August 27, 2011 01:46 AM
By Annie Slemrod
BURJ AL-BARAJNEH, Lebanon: Sometimes personal hygiene isn’t a private matter.“When I shower, my eyes burn,” says Bashir Homato. He scratches his arms from behind the counter at a small shop. “My skin itches.” Brushing his teeth with tap water, Homato says, “[it] makes me vomit.”
Khaled Sahmarani chimes in from a few feet behind Homato. Showering makes him itch too. “I’m 30 years old. After I shower … I look like a 40-year-old man.”
Homato and Sahmarani are from Burj al-Barajneh, Beirut’s most populous Palestinian refugee camp. Here, as in the rest of the country, water is in short supply in the summer. But when the water does flow from taps here, it’s salty. Really salty. And to varying degrees, that’s the case in three of Lebanon’s camps: Burj al-Barajneh, Shatila and Mar Elias.
The salinity is highest in Burj al-Barajneh, according to UNRWA statistics. The wells here measure salinity levels of 12,000-19,000 mg/liter. In Shatila, salinity ranges from 7,000 to 12,000 mg/liter, and at Mar Elias it is 3,000 mg/liter. International standards for drinkability vary, but generally say that salinity should remain under than 1,000 mg/liter.
The water in these camps comes mostly from local wells, according to a UNRWA spokesperson, who says the water in other Palestinian refugee camps in Lebanon is potable, the scientific term for drinkable.
Nadim Farajallah, a water expert at the American University of Beirut, says the problem of high salinity is not unique to Beirut’s camps, but in fact this problem “is known in most areas around the coast in Lebanon.”
This is especially the case in the southern suburbs and anywhere far from municipal water grids where local wells are overused.
Levels of salinity regularly average above 1,000 mg/liter in Beirut, and some studies have put salinity at 5,000 mg/liter in some areas of Beirut.
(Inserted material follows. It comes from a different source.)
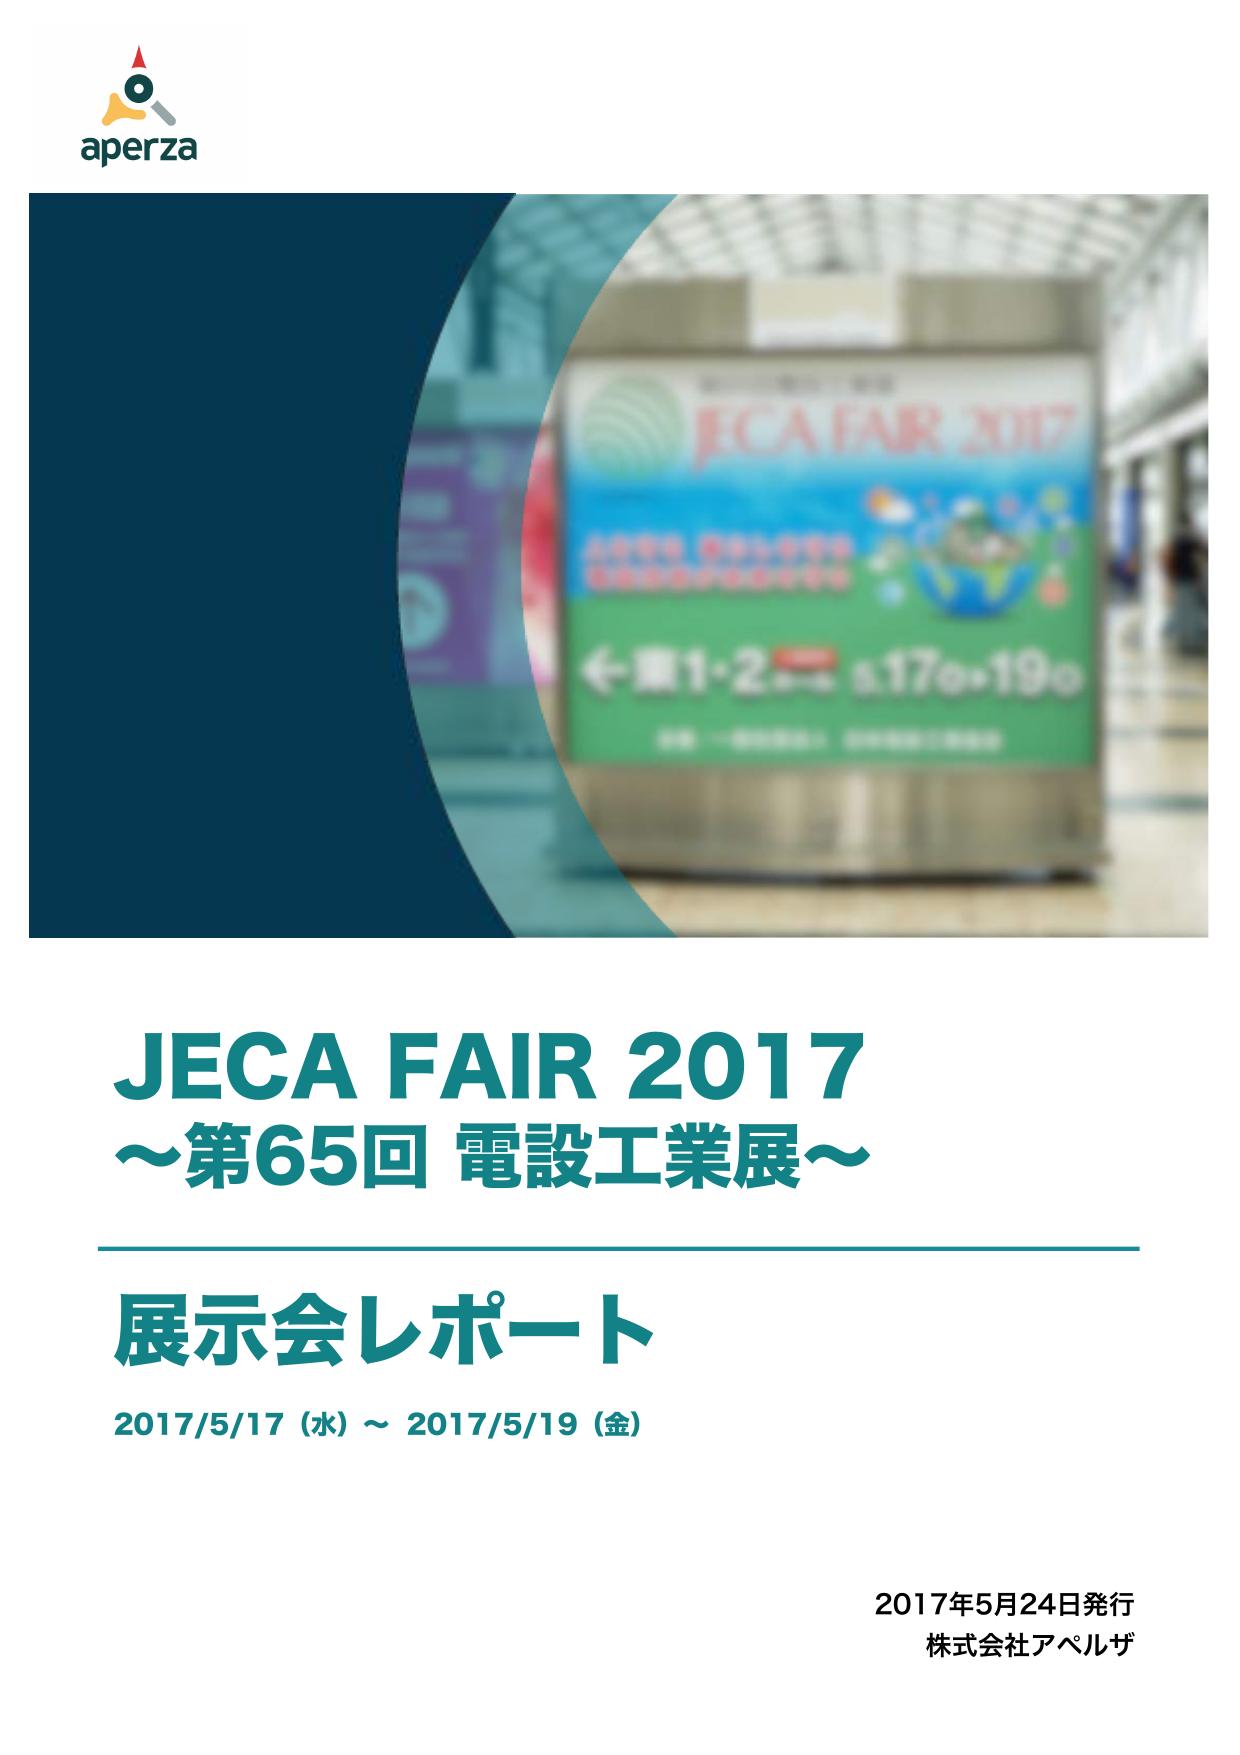 【展示会レポート】JECA FAIR 2017 ~第65回電設工業展~

But the Burj al-Barajneh numbers, says Farajallah, are “pretty high.”
Farajallah explains the reason for the saltiness.
“We are pumping a lot more water than we are putting back in,” he says. This is true especially in the summer months, when there is less rain. “If you are tapping in [to a well] that is being tapped more than refilled, it will have a higher concentration of seawater, and you will get salty water.”
Wafik Qiblawi, who controls the bright red tap that regulates the water pressure for part of the camp, says he can hardly run a brush through his hair after showering. The three of his five daughters who live at home demand that he buy bottled water for them to wash their hair with. And Umm Mohammad, who did not want to give her last name, says, “I wash my vegetables with salty water, and then I buy water to wash off the salt.”
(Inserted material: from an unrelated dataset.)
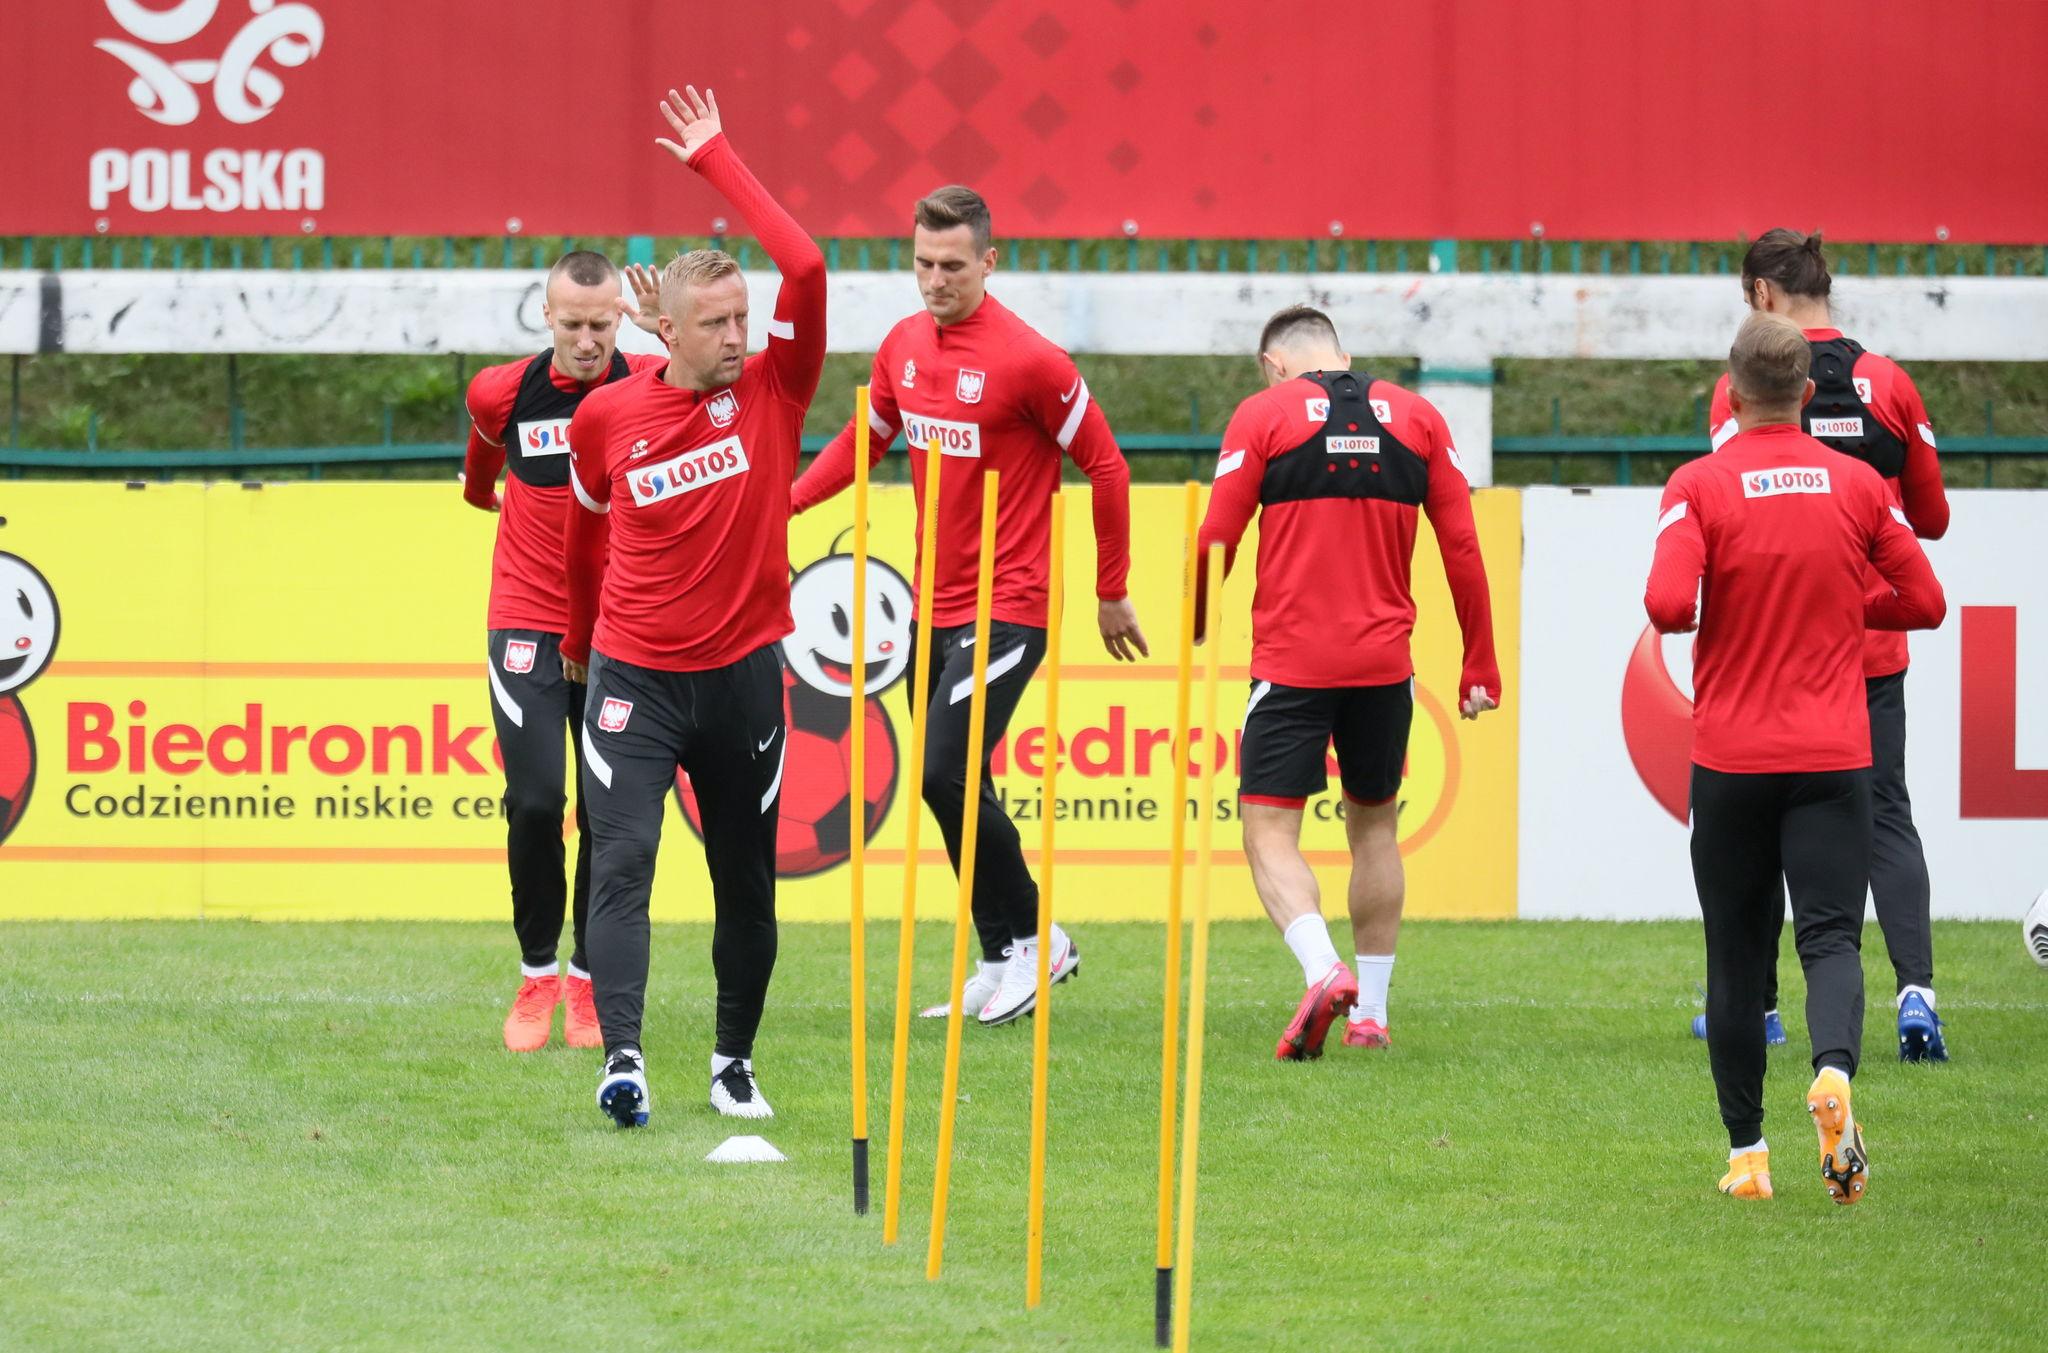 Warsaw (Poland), 02/09/2020.- Polish national soccer team player Kamil Glik (L) warm-up during their team's training session in Warsaw, Poland, 02 September 2020. Poland will face Netherlands in their UEFA lt;HIT gt;Nations lt;/HIT gt; lt;HIT gt;League lt;/HIT gt; soccer match on 04 September in Amsterdam. (Países Bajos; Holanda, Polonia, Varsovia) EFE/EPA/LESZEK SZYMANSKI POLAND OUT

Cosmetic complaints aside, there is a fiscal dimension to this issue. In an area already low on financial resources, water must be purchased for more than just drinking. Umm Mohammad buys her from Abu al-Iss.
As Abu al-Iss zips around corners on a motorized cart full of water jugs, his wife Nada Abdel-Halim mans the store. It has a long sink, several taps, and is crowded with water containers of all sorts. A 5-gallon bottle goes for LL1,250. Abdel-Halim says hers is “not a very profitable business,” but doesn’t seem bothered that her son in law comes by occasionally after a shower and douses himself with a jug of her water.
Qiblawi of the tough hair, demanding daughters, and red tap, shows how the bottoms of the twisting overhead water pipes are corroded. He says the pipes look even worse from the inside.
Water fixtures must be changed regularly because of the high salt content, Qiblawi says. Umm Mohammad agrees, and points to the brown pipes above her kitchen sink. This is another financial burden she has learned to live with. “We got used to it,” she says.
UNRWA’s spokesperson says that there has never been a water treatment system in the three Beirut camps. UNRWA says it has “completed the installation of new water networks including elevated water tanks and water wells” in Burj al-Barajneh, Shatila and Mar Elias, although Farajallah says that at least in the case of the water tanks, “this is just a mode of storage,” and won’t affect water quality.
But UNRWA also says it is “now on the verge of signing an agreement with a donor to install water treatment plants in the three camps in Beirut. The produced water will certainly be 100 percent potable.”
Until then, it is sticky showers and dry hair in Burj al-Barajneh. Or at least for most. Sarah, a 19-year-old with a head full of curly brown hair, grins when asked how she maintains such a coiffure given the gritty water. “I’ve been in the mountains for a month,” she says. “When I wash my hair here, it doesn’t look like this. It looks fuzzy.”
A version of this article appeared in the print edition of The Daily Star on August 27, 2011, on page 3.